Step 1: Condensation reaction
The simplified equation is as follows:
CH3CH2OOCCHCN+HCOOC2H5O2C2H5 ⟶ Ac2O+CH3CH2OOCCH(OCOC2H5)CN
However, please note that the "intermediate" in the above equation is not explicitly stated, as the actual condensation process may involve complex rearrangement and condensation steps. The final product is a compound containing two ester groups and one nitrile group.
Raw materials:
Ethyl cyanoacetate, triethyl orthoformate, acetic anhydride
Reaction conditions:
Heating, usually carried out under inert gas (such as nitrogen) protection to prevent oxidation
Reaction equation:
This is a multi-step reaction, but it can usually be simplified to one step to represent the formation of the main product. However, the actual reaction mechanism may involve multiple intermediates and steps.
Step 2: Ring Reaction
Reaction equation:
CH3CH2OOCCH (OCOC2H5) CN+N2H4 ⋅ H2O ⟶ H2O+CH3 CH2OOCCH2N2HCH2OOC2H5 → CH3CH2OOCH2N2HCOCH3
This also simplifies the reaction process and assumes that hydrolysis and cyclization occur simultaneously. In fact, the hydrolysis of esters and the addition of hydrazine may occur first, followed by cyclization to form the oxazole ring. The final product is methyl 3-amino-4-ethyloxazole formate.
Raw materials:
The product of the first step (assuming a simplified representation of CH3CH2OOCCH (OCOC2H5) CN), hydrazine hydrate (N2H4 ⋅ H2O)
Reaction conditions:
Heating, usually carried out under acidic or alkaline conditions, but the specific conditions depend on the properties of the first step product.
Step 3: Conversion reaction (preparation of allopurinol)
The specific reaction conditions and mechanism of this step may vary depending on the literature, as there are multiple methods for synthesizing allopurinol. But usually, this step involves further conversion of 3-amino-4-ethyloxazolecarboxylic acid methyl ester, which may include oxidation, rearrangement, hydrolysis, and other steps.
Description: In formamide, 3-amino-4-ethyloxazolecarboxylic acid methyl ester may undergo a series of transformations, including possible ring opening, functional group transformation (such as nitrile conversion to amide or carboxyl group), cyclization, and other steps, ultimately forming allopurinol. The exact mechanism and conditions of these steps need to refer to specific literature or patents.
Note: As the synthesis of allopurinol is a complex process and may involve multiple patented technical details, the description of the third step above is highly conceptual. In actual synthesis, it is necessary to consult relevant literature in detail to obtain accurate information. Finally, it should be emphasized that the overall yield of the entire synthesis route is 41%, which means that there will be some loss of raw materials and generation of by-products in each step of the reaction. Therefore, when designing and optimizing the synthesis route, it is necessary to carefully consider the reaction conditions and product purification methods at each step to improve the overall yield.
Route 2:
Starting from malononitrile (5), it is condensed with triethyl orthoformate in acetic anhydride to obtain 6. Water and hydrazine are added to obtain 3-amino-4-pyrazole (7), which is then hydrolyzed with sulfuric acid to synthesize the intermediate 3-amino-4-pyrazole formamide half sulfate (8). Finally, allopurinol is obtained in formamide.

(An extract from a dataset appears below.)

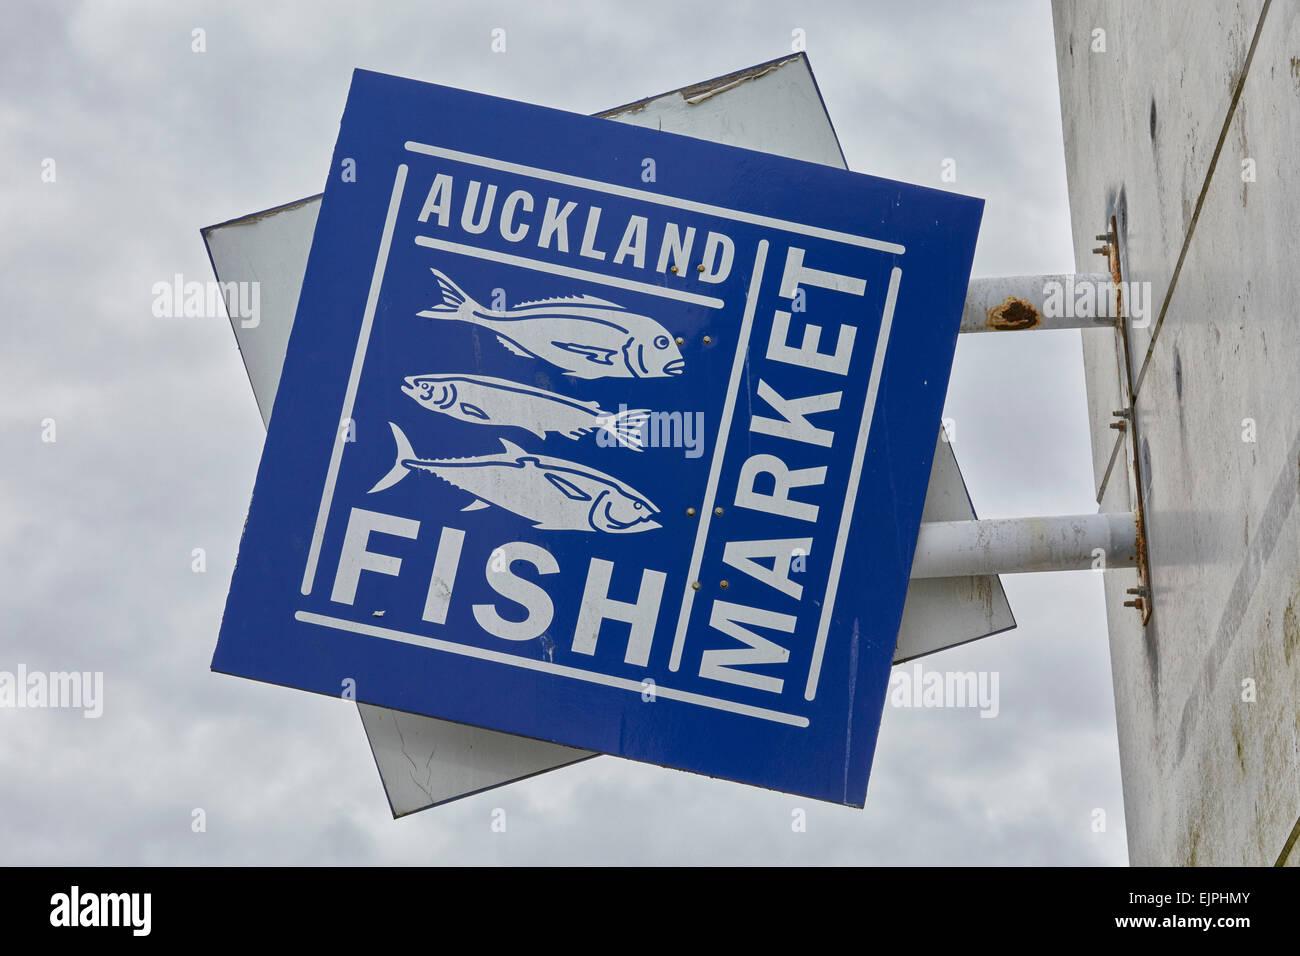 Auckland Fish Market sign, Auckland, North Island, New Zealand Stock Photo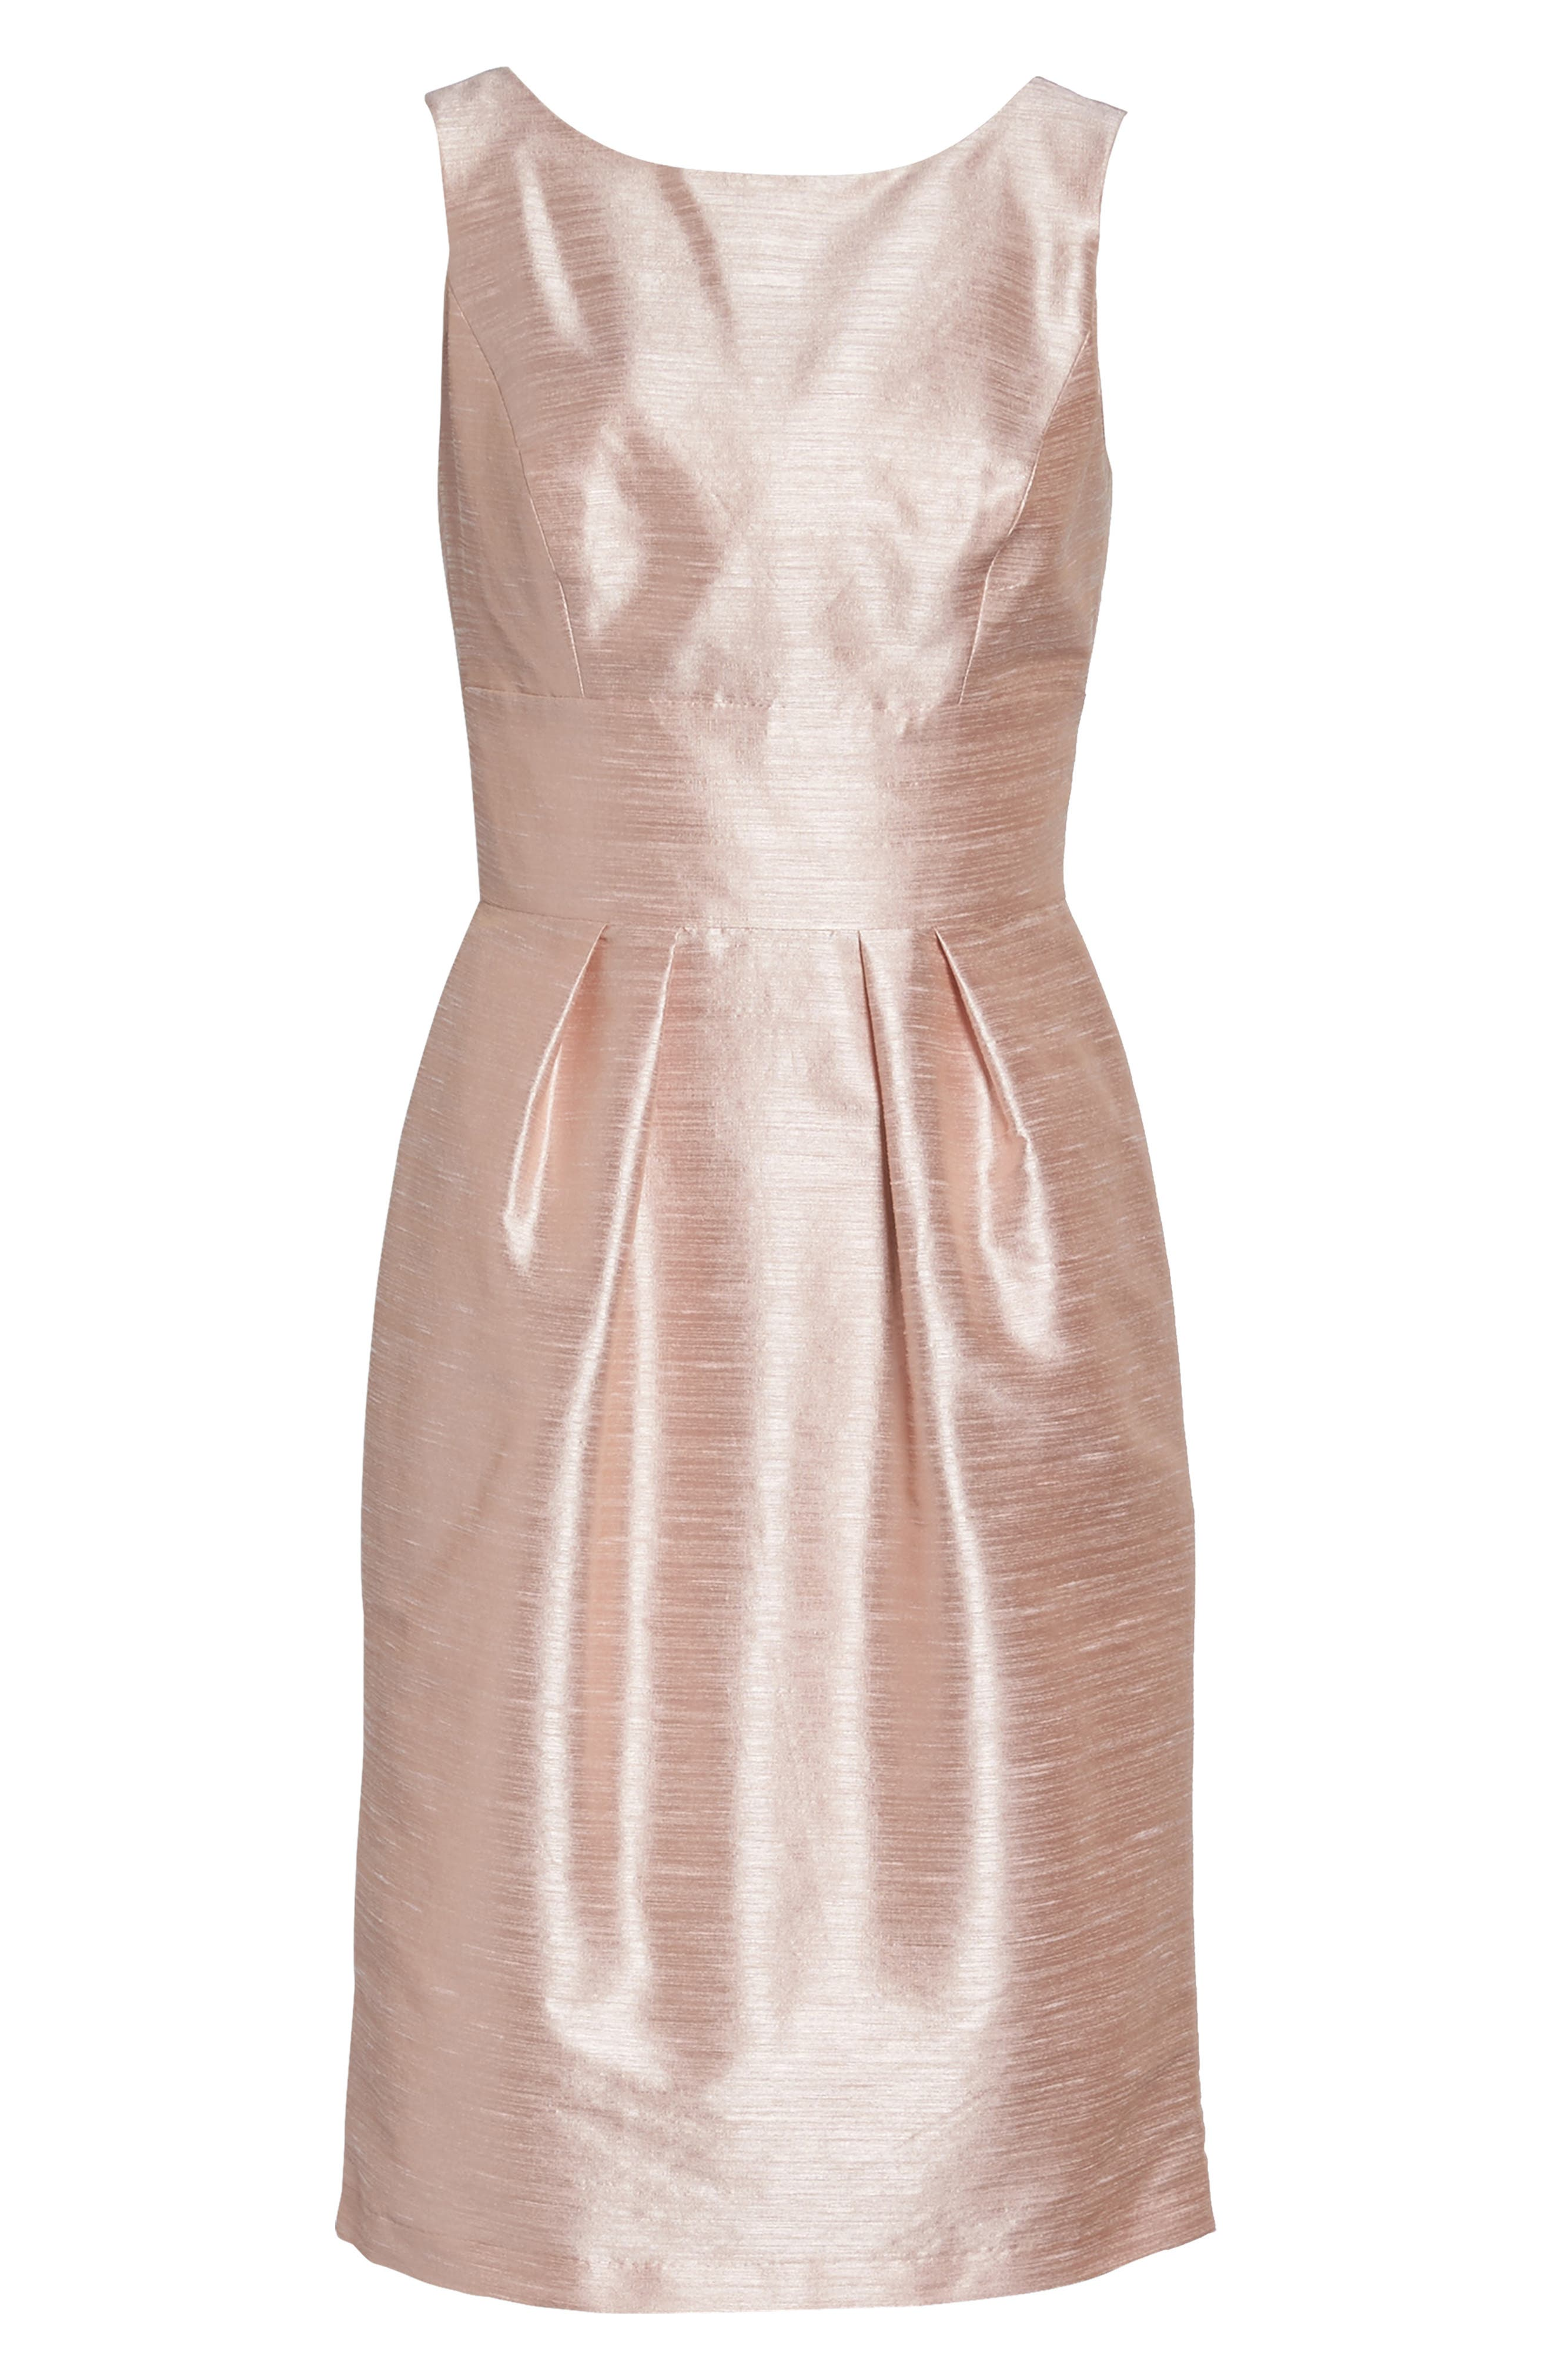 Boatneck Sheath Dress,                             Alternate thumbnail 6, color,                             Pearl Pink

Step 1: Condensation of malononitrile and triethyl orthoformate in acetic anhydride
In this reaction, the two cyanide groups of malononitrile undergo condensation with the ester group of triethyl orthoformate, forming a new ester bond and a ketone group.
Reaction conditions:
Acetic anhydride as solvent and catalyst, heated.
Reaction equation:
Malononitrile+triethyl orthoformate -2,4-dichloro-3-oxobutyric acid ethyl ester (abbreviated as 6).
Step 2: Hydrolysis and cyclization of 2,4-dichloro-3-oxobutyric acid ethyl ester
In this step, 2,4-dichloro-3-oxobutyric acid ethyl ester first undergoes hydrolysis under the action of water, and the ester group is broken to form a carboxyl group. Then, the amino group of hydrazine undergoes nucleophilic addition to the ketone group, followed by cyclization reaction to generate 3-amino-4-pyrazolecarboxylic acid ethyl ester.
Reaction conditions:
Water, hydrazine, heating.
Reaction equation:
C6H8Cl2O3+H2O+H4N2 ⟶ C6H9N3O2.
Step 3: Acid hydrolysis of 3-amino-4-pyrazolecarboxylic acid ethyl ester
Reaction conditions: concentrated sulfuric acid, heating. Reaction equation: 3-amino-4-pyrazolecarboxylic acid ethyl ester+concentrated sulfuric acid ⟶ 3-amino-4-pyrazolecarboxylic acid ⋅ H2SO4 (semi sulfate form)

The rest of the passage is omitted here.